Task: The task for the listing below is to write out exactly the lines starting at the one containing "USCG CULINARY SPECIALIST" and ending at the one containing "Daniel confessed that", both included. Pictures are to be omitted.

== Provided information ==

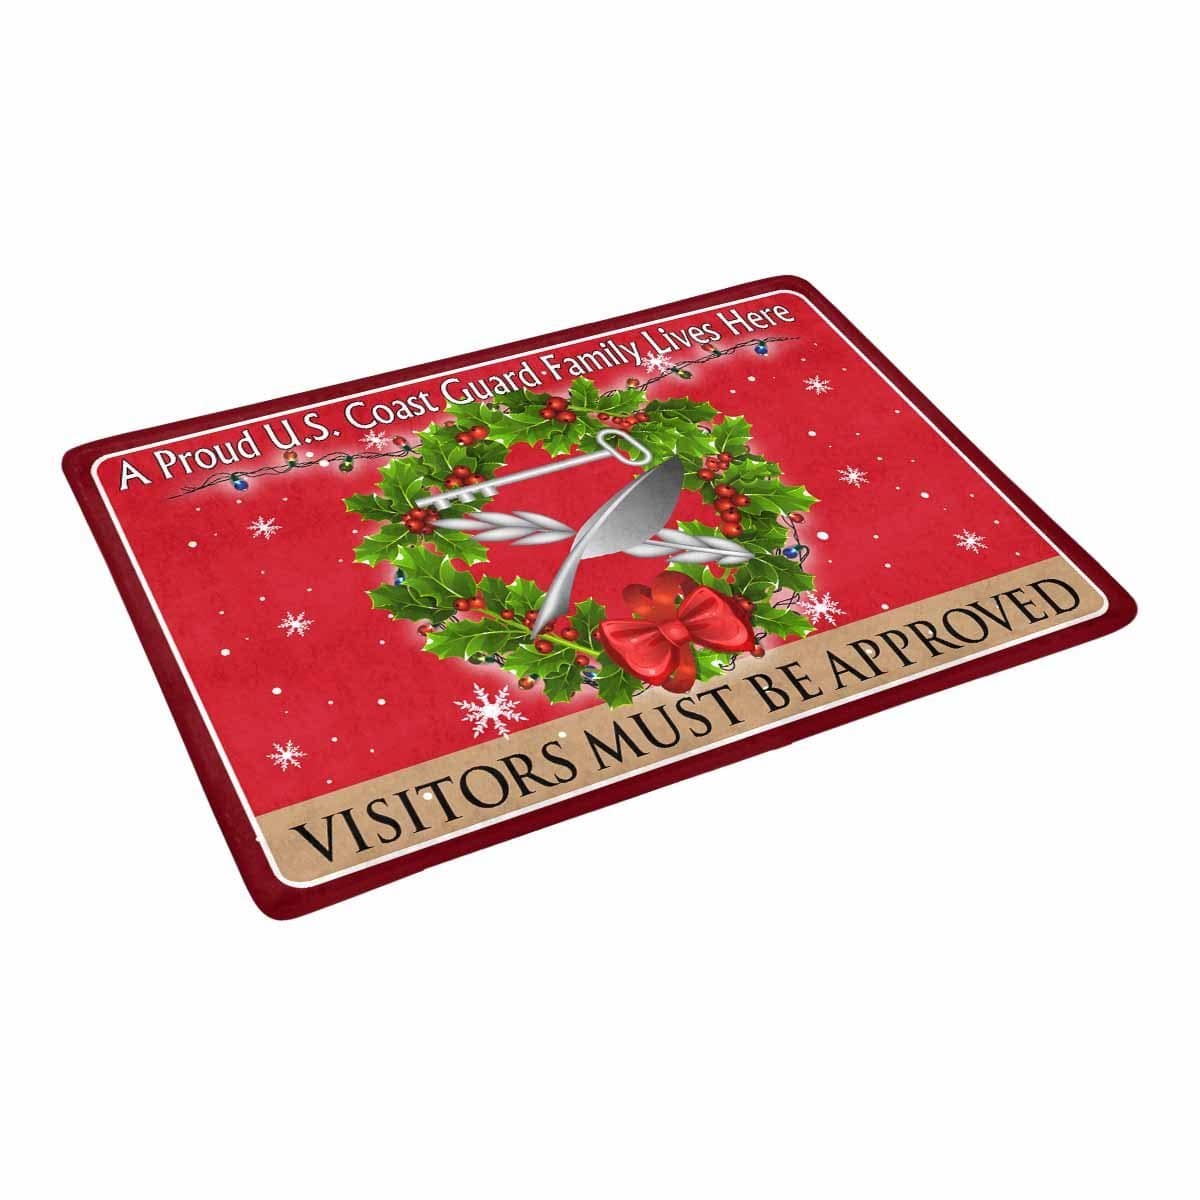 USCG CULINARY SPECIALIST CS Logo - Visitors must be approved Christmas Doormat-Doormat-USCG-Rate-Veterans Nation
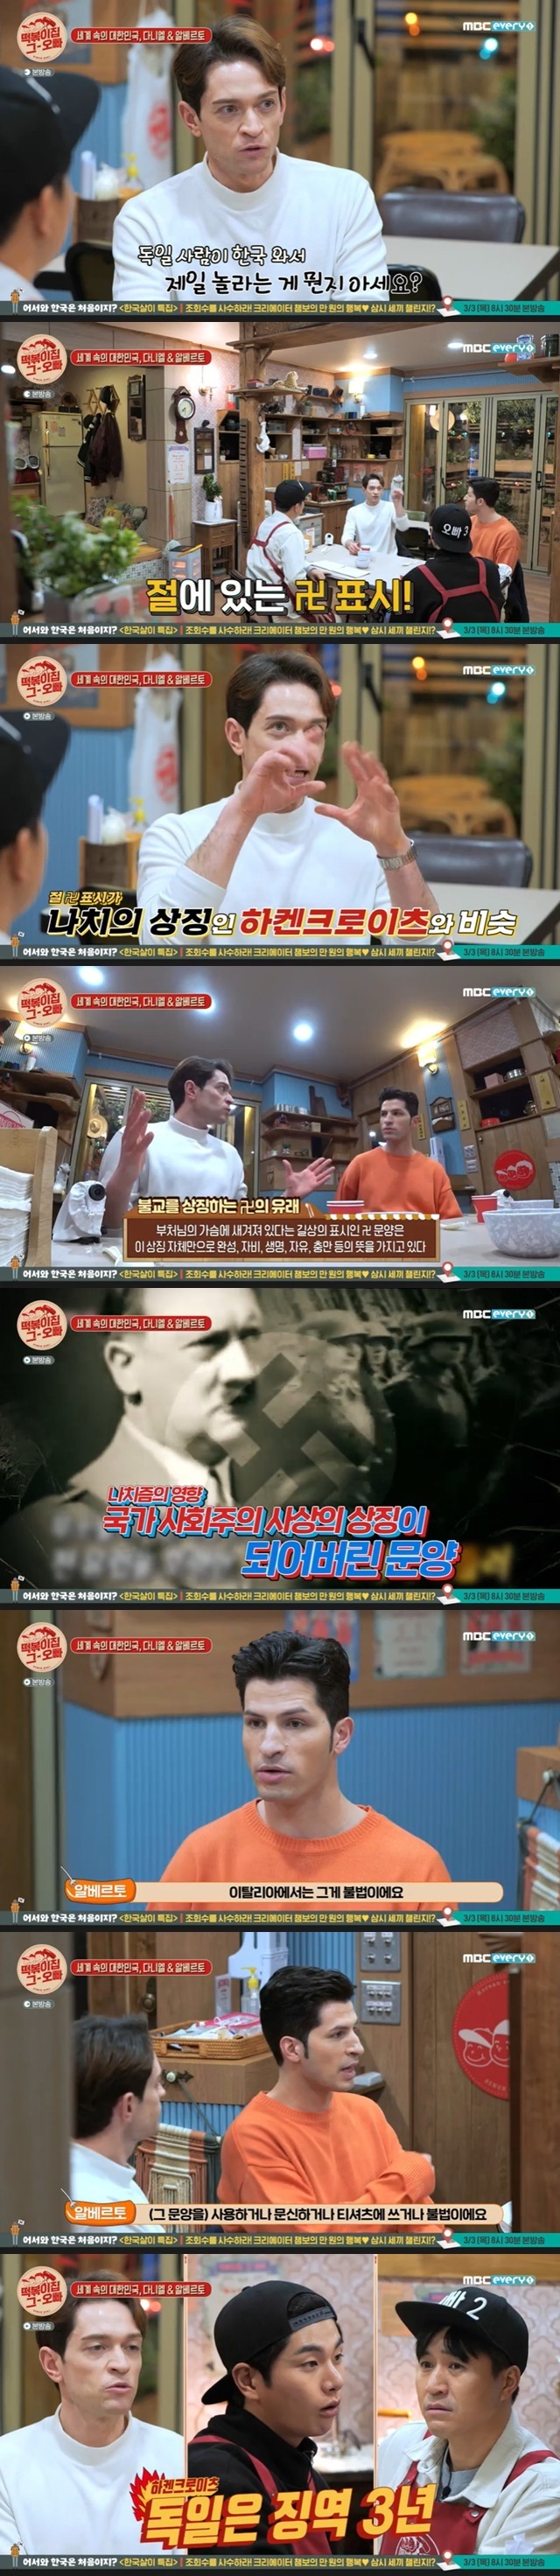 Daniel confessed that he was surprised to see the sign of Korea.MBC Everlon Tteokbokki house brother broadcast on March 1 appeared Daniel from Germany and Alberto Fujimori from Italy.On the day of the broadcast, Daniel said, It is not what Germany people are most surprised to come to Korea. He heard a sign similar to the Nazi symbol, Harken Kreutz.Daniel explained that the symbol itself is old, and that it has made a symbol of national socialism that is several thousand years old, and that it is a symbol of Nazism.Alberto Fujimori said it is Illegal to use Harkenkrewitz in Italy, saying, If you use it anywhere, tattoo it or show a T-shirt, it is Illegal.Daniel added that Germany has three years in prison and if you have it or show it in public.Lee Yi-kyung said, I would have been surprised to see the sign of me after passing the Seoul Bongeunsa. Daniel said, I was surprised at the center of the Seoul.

===
== Provided information ==

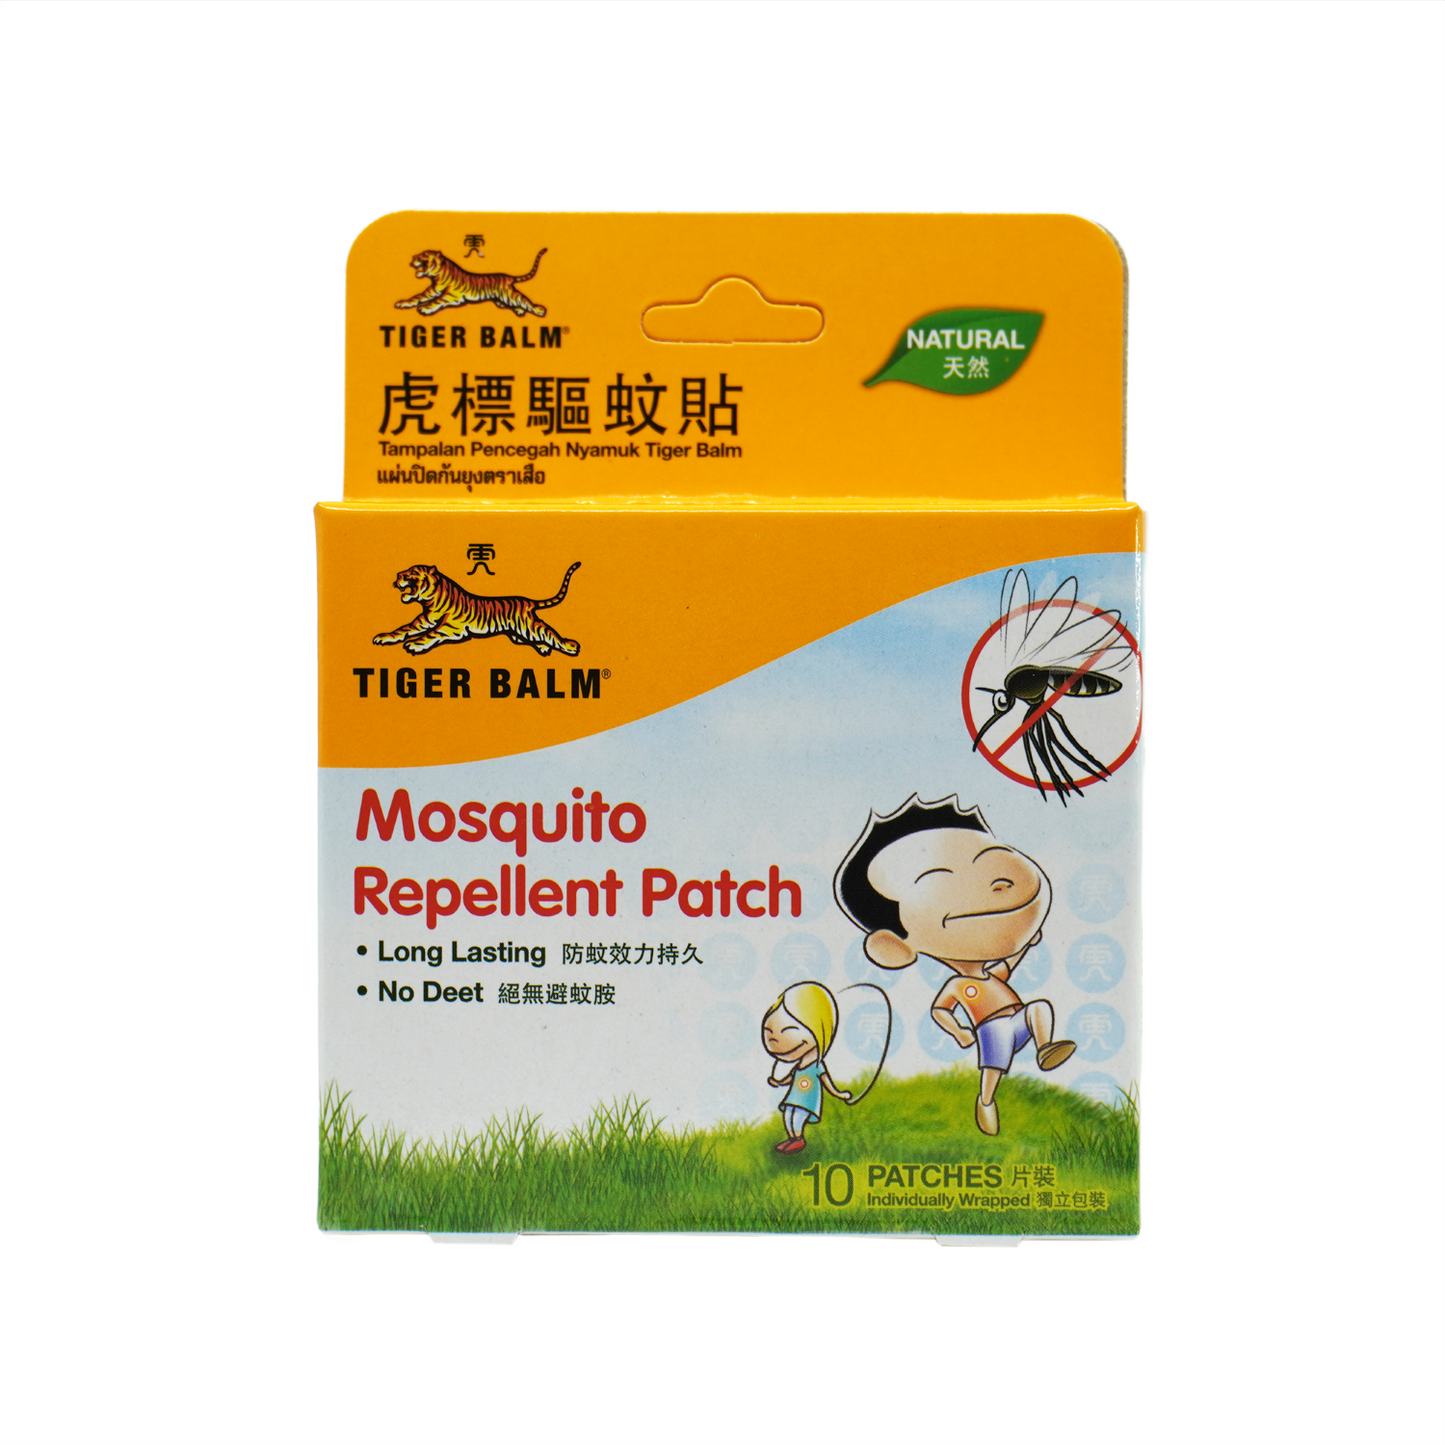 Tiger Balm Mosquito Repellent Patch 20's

===

Answer to this task:
 USCG CULINARY SPECIALIST CS Logo - Visitors must be approved Christmas Doormat-Doormat-USCG-Rate-Veterans Nation
 Daniel confessed that he was surprised to see the sign of Korea.MBC Everlon Tteokbokki house brother broadcast on March 1 appeared Daniel from Germany and Alberto Fujimori from Italy.On the day of the broadcast, Daniel said, It is not what Germany people are most surprised to come to Korea. He heard a sign similar to the Nazi symbol, Harken Kreutz.Daniel explained that the symbol itself is old, and that it has made a symbol of national socialism that is several thousand years old, and that it is a symbol of Nazism.Alberto Fujimori said it is Illegal to use Harkenkrewitz in Italy, saying, If you use it anywhere, tattoo it or show a T-shirt, it is Illegal.Daniel added that Germany has three years in prison and if you have it or show it in public.Lee Yi-kyung said, I would have been surprised to see the sign of me after passing the Seoul Bongeunsa. Daniel said, I was surprised at the center of the Seoul.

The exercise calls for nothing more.